Отец уткнулся в Гемару.

– Раввин дает читать стихи, дурацкая баскетбольная команда собирается на тренировки семь дней в неделю, будто игрокам за это платят, друзья приезжают и уезжают поздно вечером на нелепых машинах, не носят кипу за пределами школы и не ходят в шул. Что это за ешива? Разве в ешиве учат такому?

Я улыбнулся и продолжил читать “Деву, героя и ду-рака”.

* * *

Вечером после хавдалы я ждал, пока за мной заедут и отвезут на слихот. На полчаса позже, чем я ожидал, за окном раздалось громкое бибиканье. Я поспешил усесться в джип Оливера, пока родители не вышли посмотреть, в чем дело.

– Обязательно так гудеть?

Сидящий спереди Ноах обернулся ко мне с виноватой улыбкой:

– Я говорил ему, не надо, но этот идиот не слушает.

– Поехали уже. – Я заметил, что мать встревоженно выглядывает в окно, и занервничал. – Пока она не вышла поговорить с Оливером.

– Я готов внимать твоей прелестной матери когда ей будет угодно. Упс. – Он слишком быстро сдал задом, и джип чмокнул пальму на моей подъездной дорожке. – Я прекрасно умею ладить со взрослыми женщинами.

– Явно лучше, чем с ровесницами, – поддел Ноах. – И это еще мягко сказано.

– Разве я виноват, что они не ценят мою исключительную зрелость?

– Ладно, сойдемся на этом. – Ноах проверил в телефоне счет матча “Марлинов”. – Может, сперва заберем Амира?

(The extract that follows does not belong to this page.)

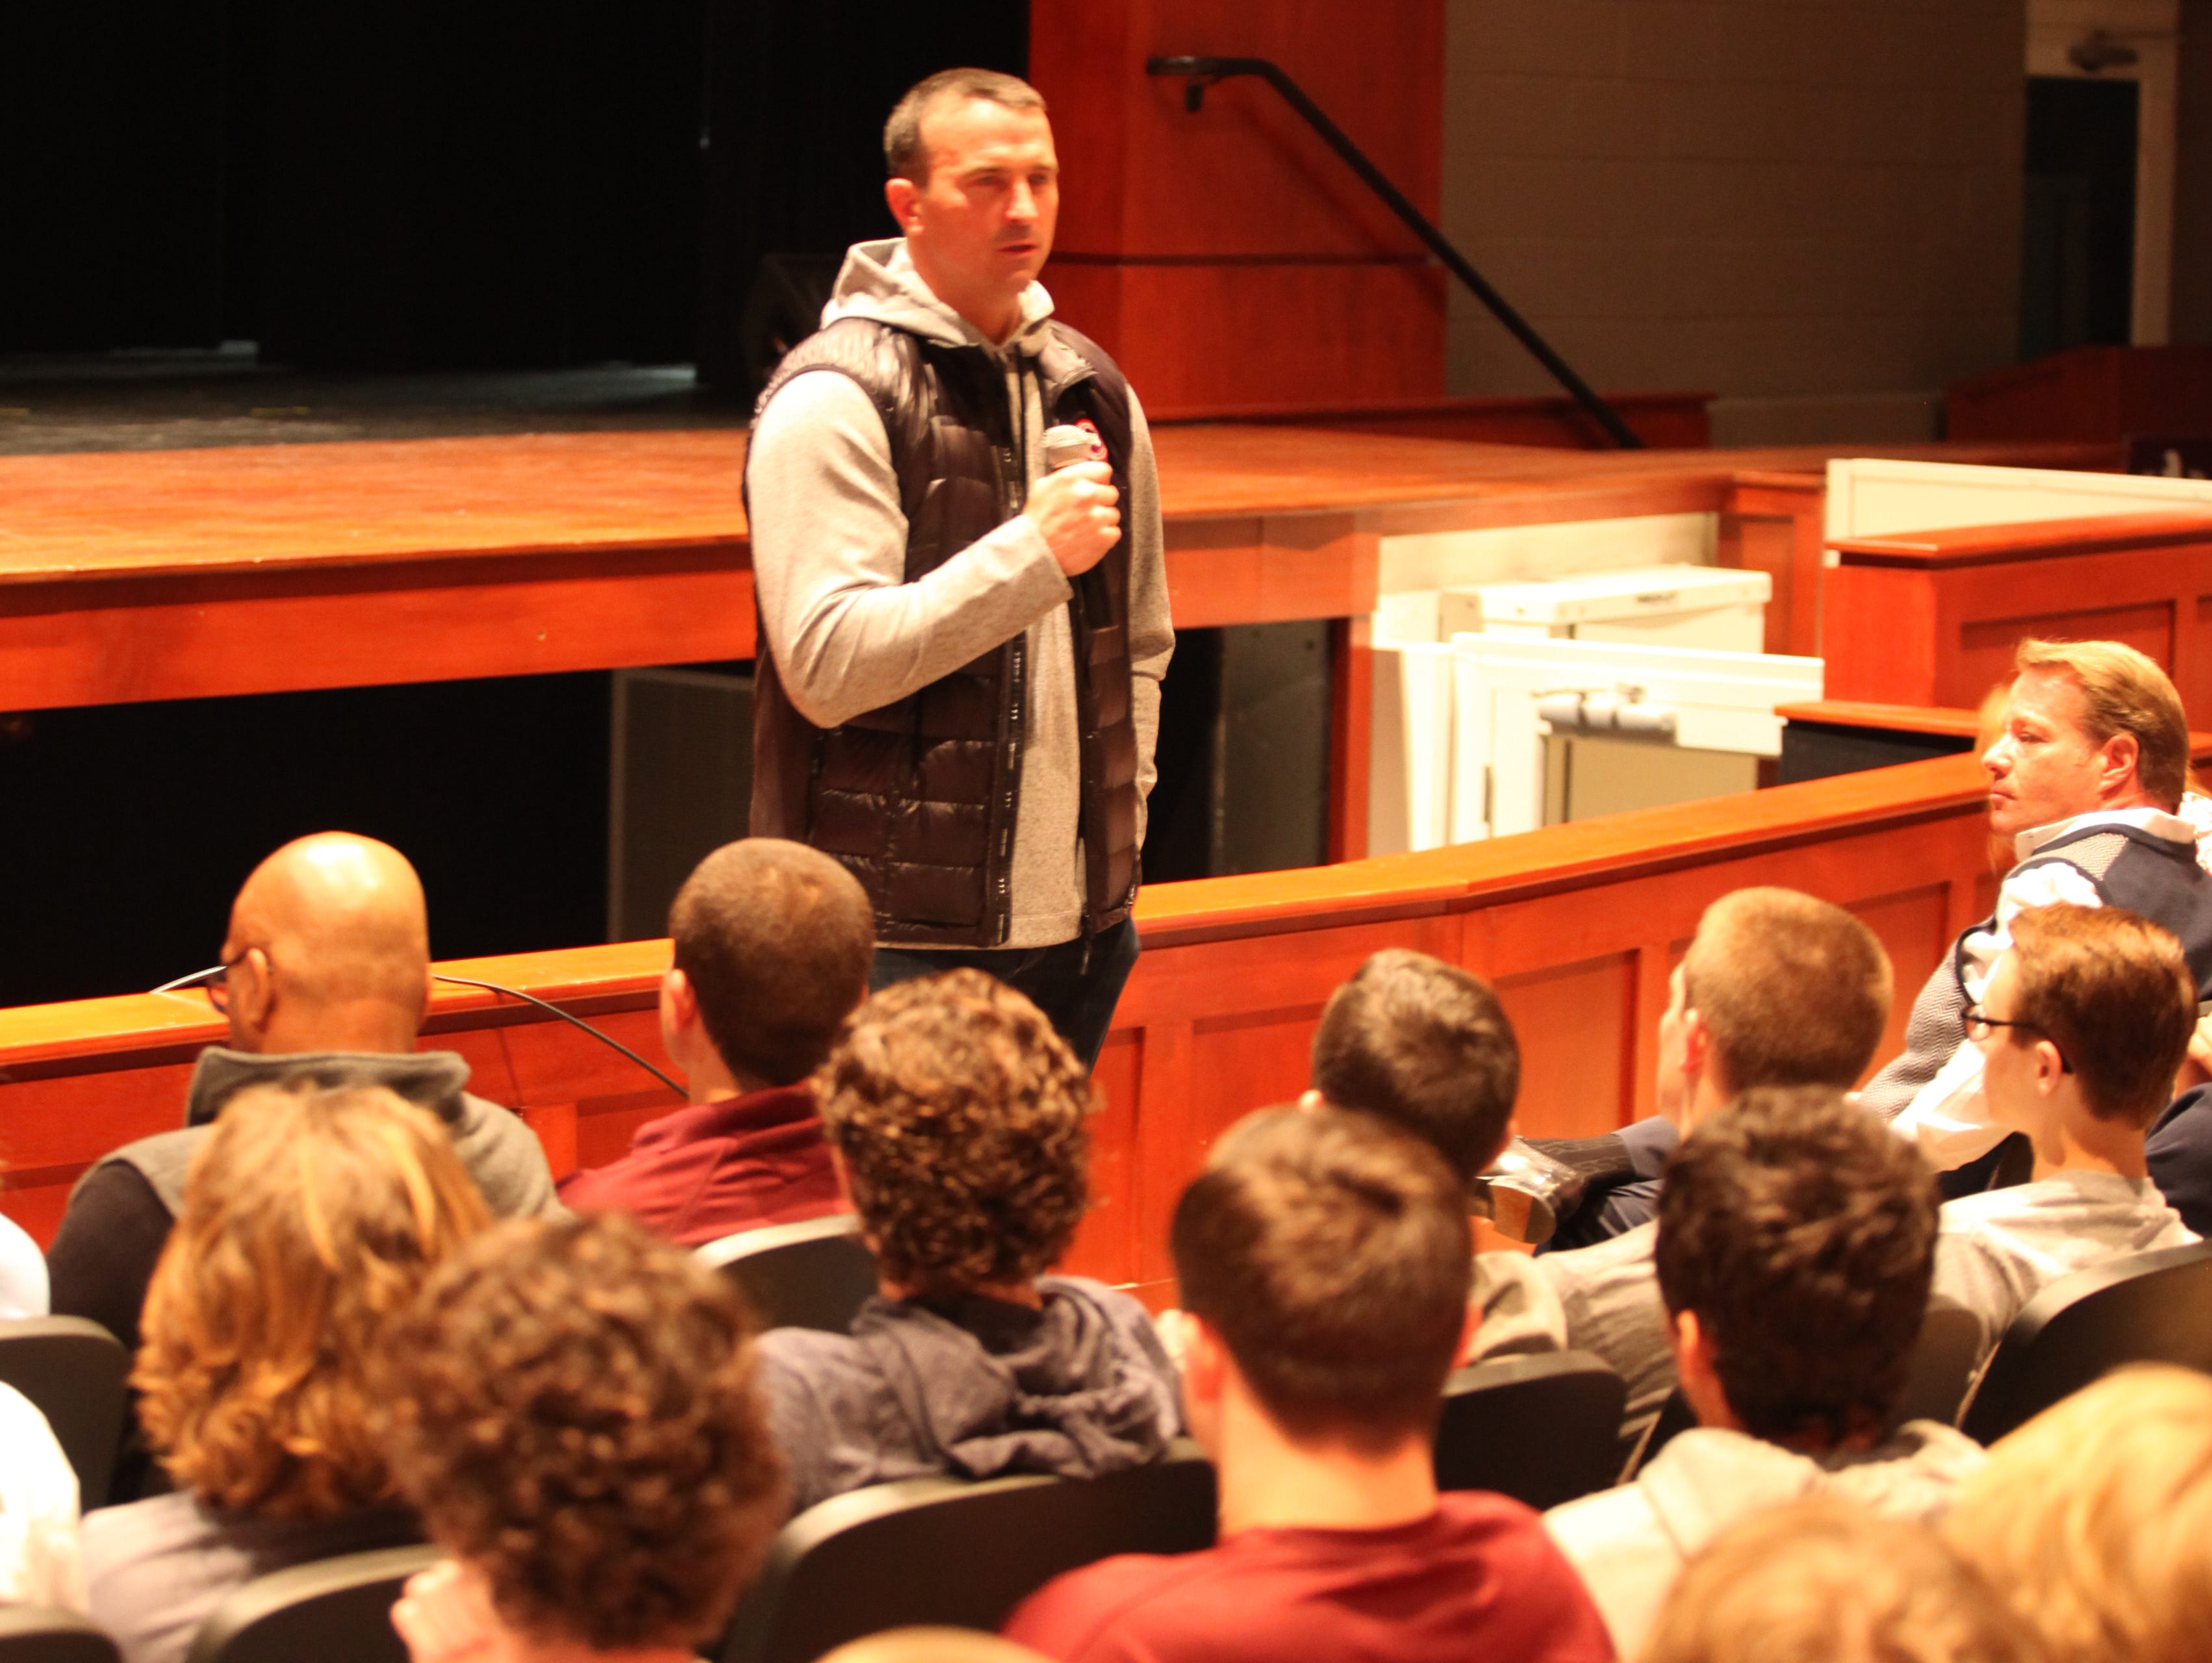 Chris Herren discusses his battle with addiction Tuesday morning to students at Appoquinimink High School. Herren used numerous drugs throughout his basketball career including cocaine, painkillers and heroin. He has been clean for more than seven years now.

– Он сказал, его мама хочет, чтобы он ехал отдельно. – Оливер намеренно пропустил знак “Стоп”. – Она против того, чтобы он ночью ездил со мной, и все из-за той одной-единственной несчастной аварии, представляешь?

– Чуть не забыл. – Ноах повернулся ко мне, достал карточку из кошелька. – Это тебе. – И протянул мне удостоверение личности. Я посветил себе айфоном: некий Дрю Кэррэуэй из Сент-Пола, штат Миннесота, Саммит-авеню, дом 770. Фотография была моя – та, которую сняли в день организационного собрания.

– Какого…

– Фальшивое удостоверение личности, приятель, – пояснил Оливер. – Скажи спасибо. Мы заставили Амира хакнуть базу данных, чтобы раздобыть эту твою фотку из альбома, и один мой друг вставил ее в удостоверение. Как по мне, пустая трата сил, но Ноах настоял, что тебе тоже нужно такое.

– Я из… Миннесоты?

– Ну не отсюда же, – сказал Оливер.

Мы заехали за Эваном. Я впервые увидел его дом в стиле модернизма Майами – изысканность, минимализм, множество деревьев. Лужайку украшала скульптура – огромные пересекающиеся красные треугольники. На подъездной дорожке рядом стояли “БМВ” и “астон мартин”.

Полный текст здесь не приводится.